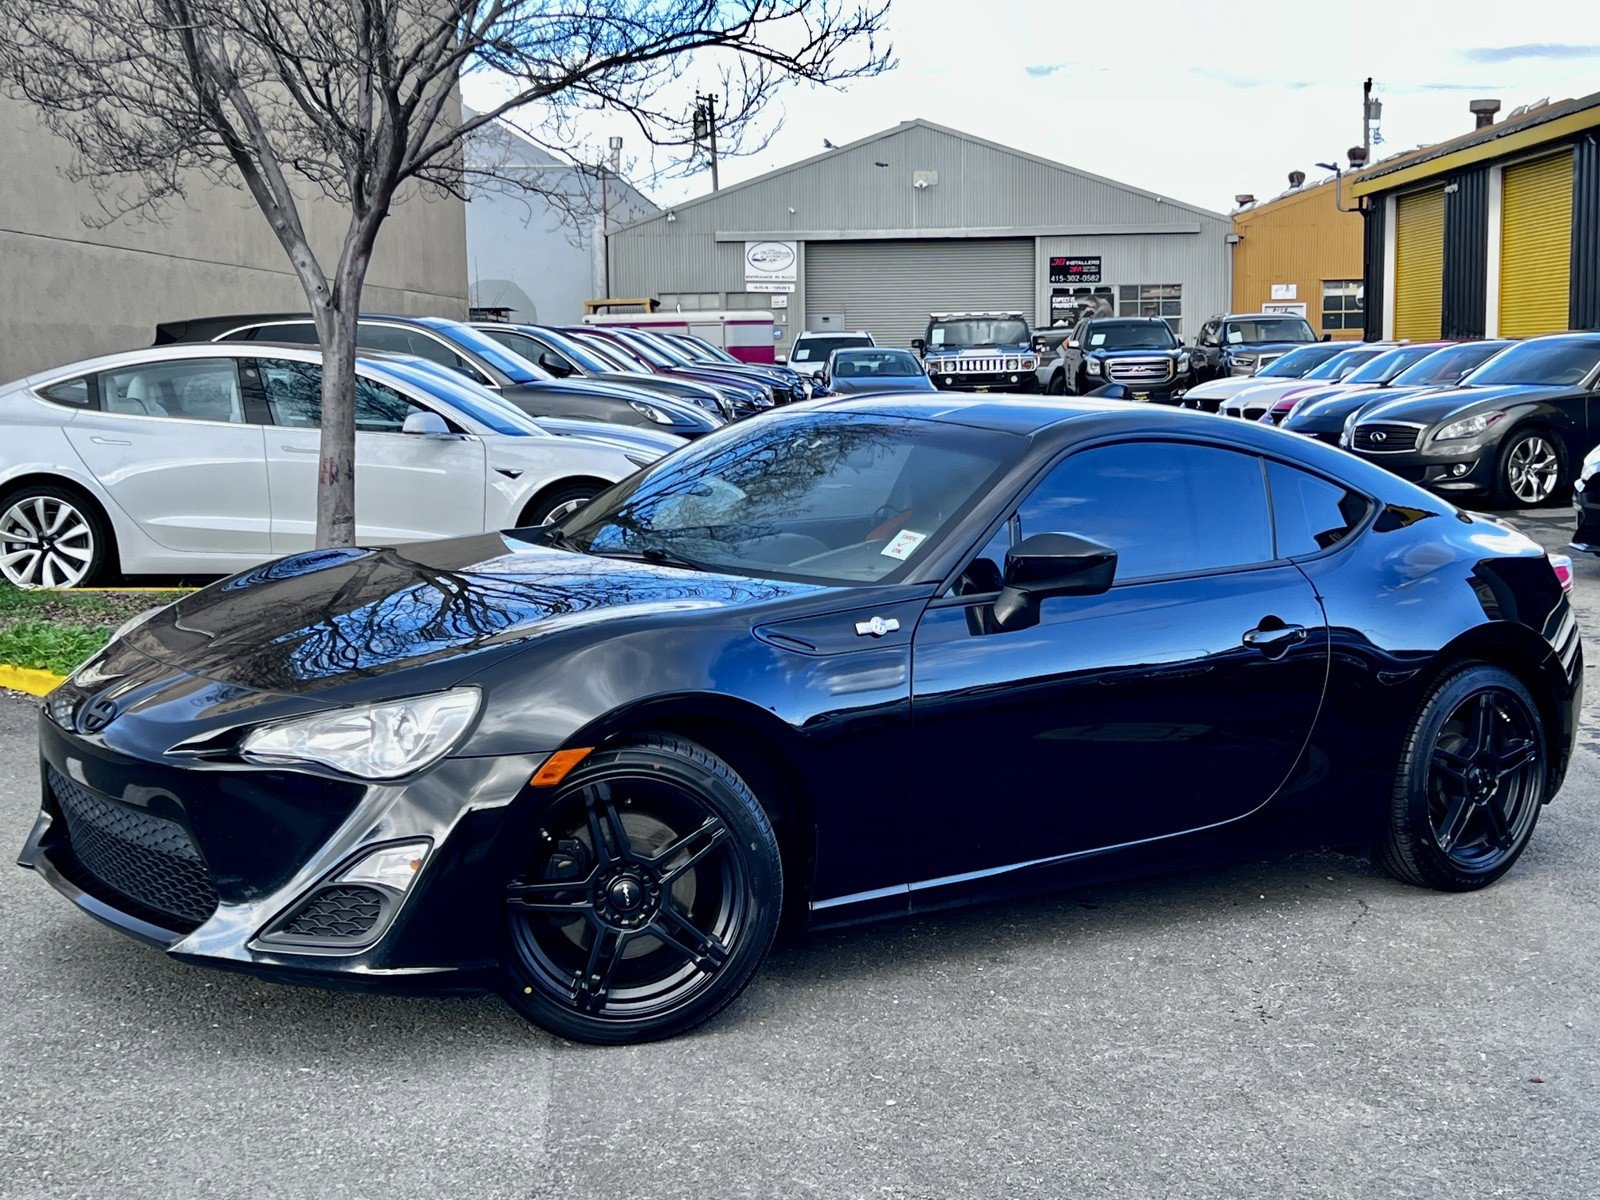 Used Scion FR-S for Sale Right Now - Autotrader
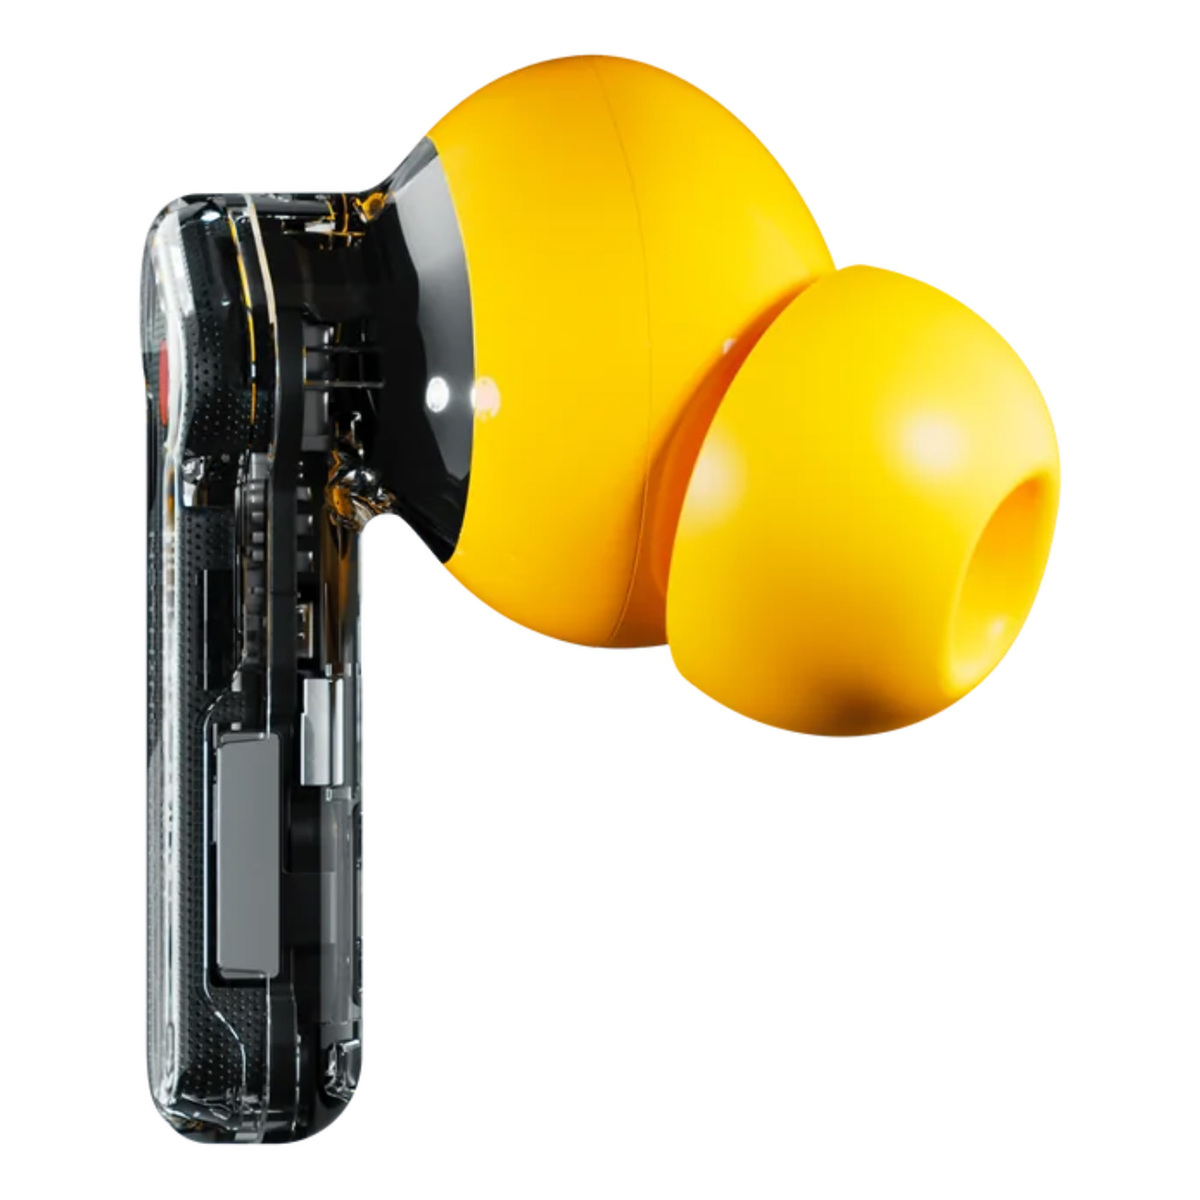 Nothing Ear(a) True Wireless Earbuds with Mic, Yellow, B162
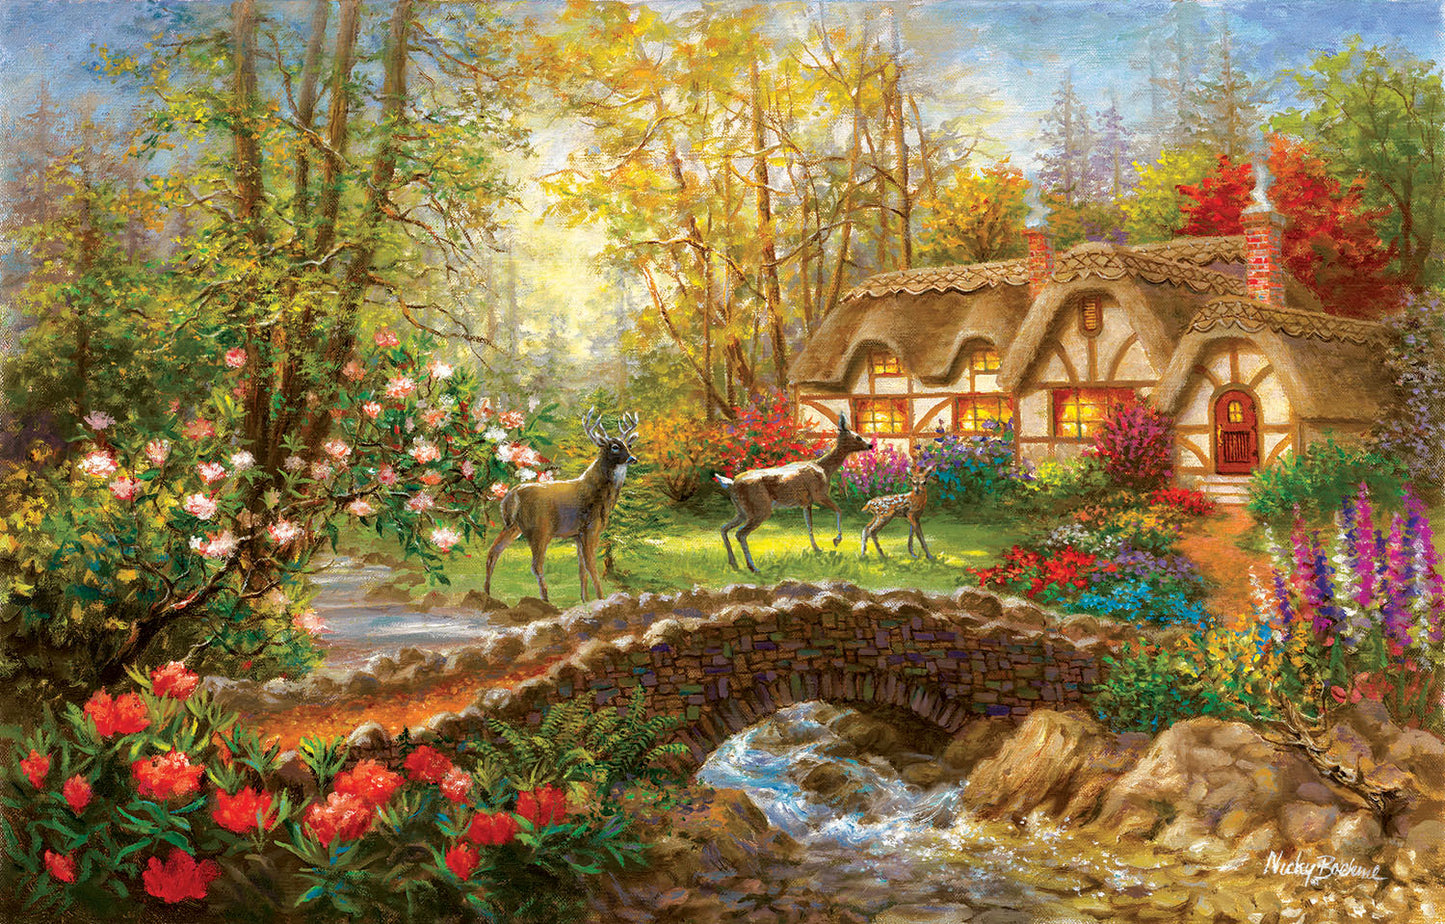 Visiting by Nicky Boehme, 1000 Piece Puzzle
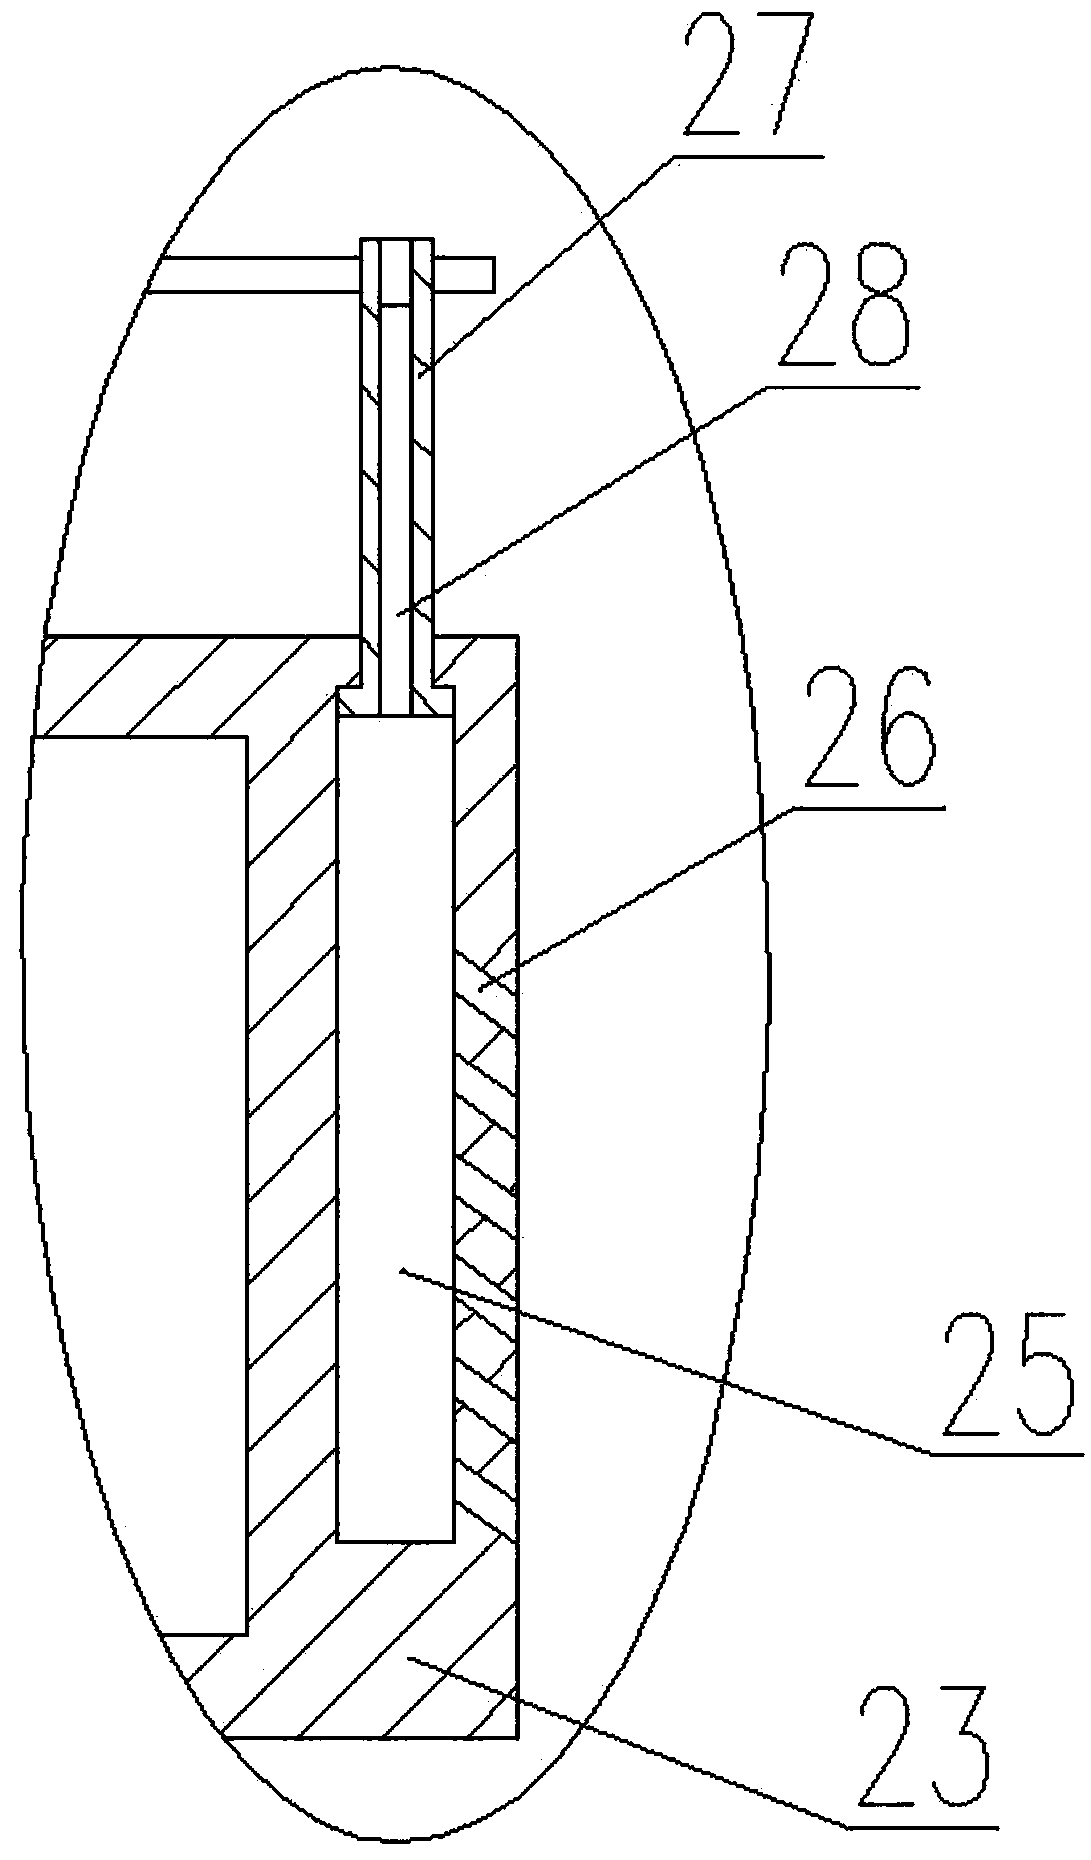 Carton automatic forming device
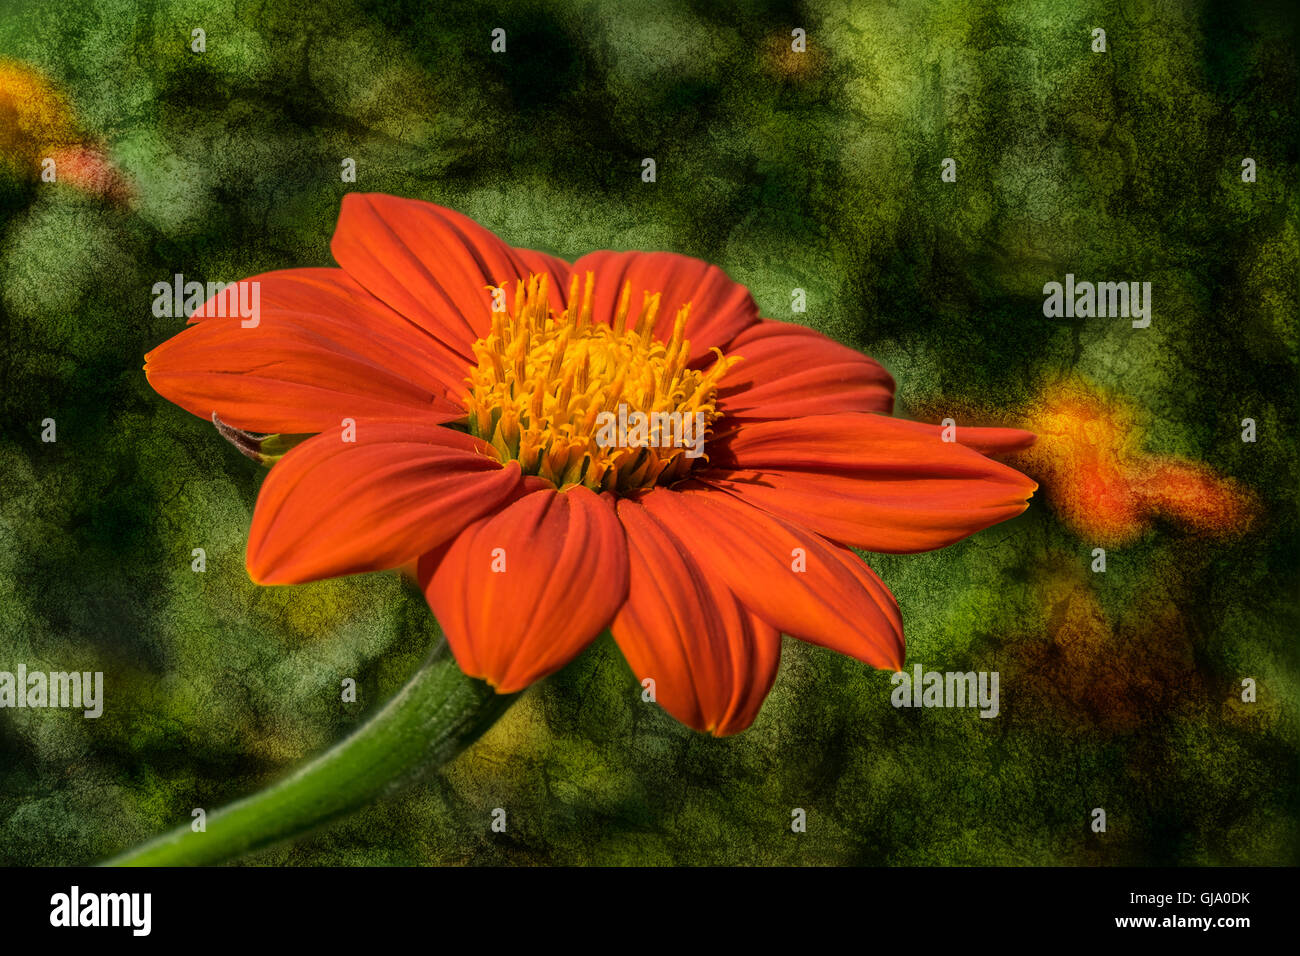 Beautiful orange Mexican Sunflower, Latin name Tithonia rotundifolia, isolated contrasted against a textured dark green backgrou Stock Photo

### Your objective:
Restate the records above in full, word for word. Keep pictures out.

### Output for this exercise:
 Used Scion FR-S for Sale Right Now - Autotrader
 Nothing Ear(a) True Wireless Earbuds with Mic, Yellow, B162
 Visiting by Nicky Boehme, 1000 Piece Puzzle
 Carton automatic forming device
 Beautiful orange Mexican Sunflower, Latin name Tithonia rotundifolia, isolated contrasted against a textured dark green backgrou Stock Photo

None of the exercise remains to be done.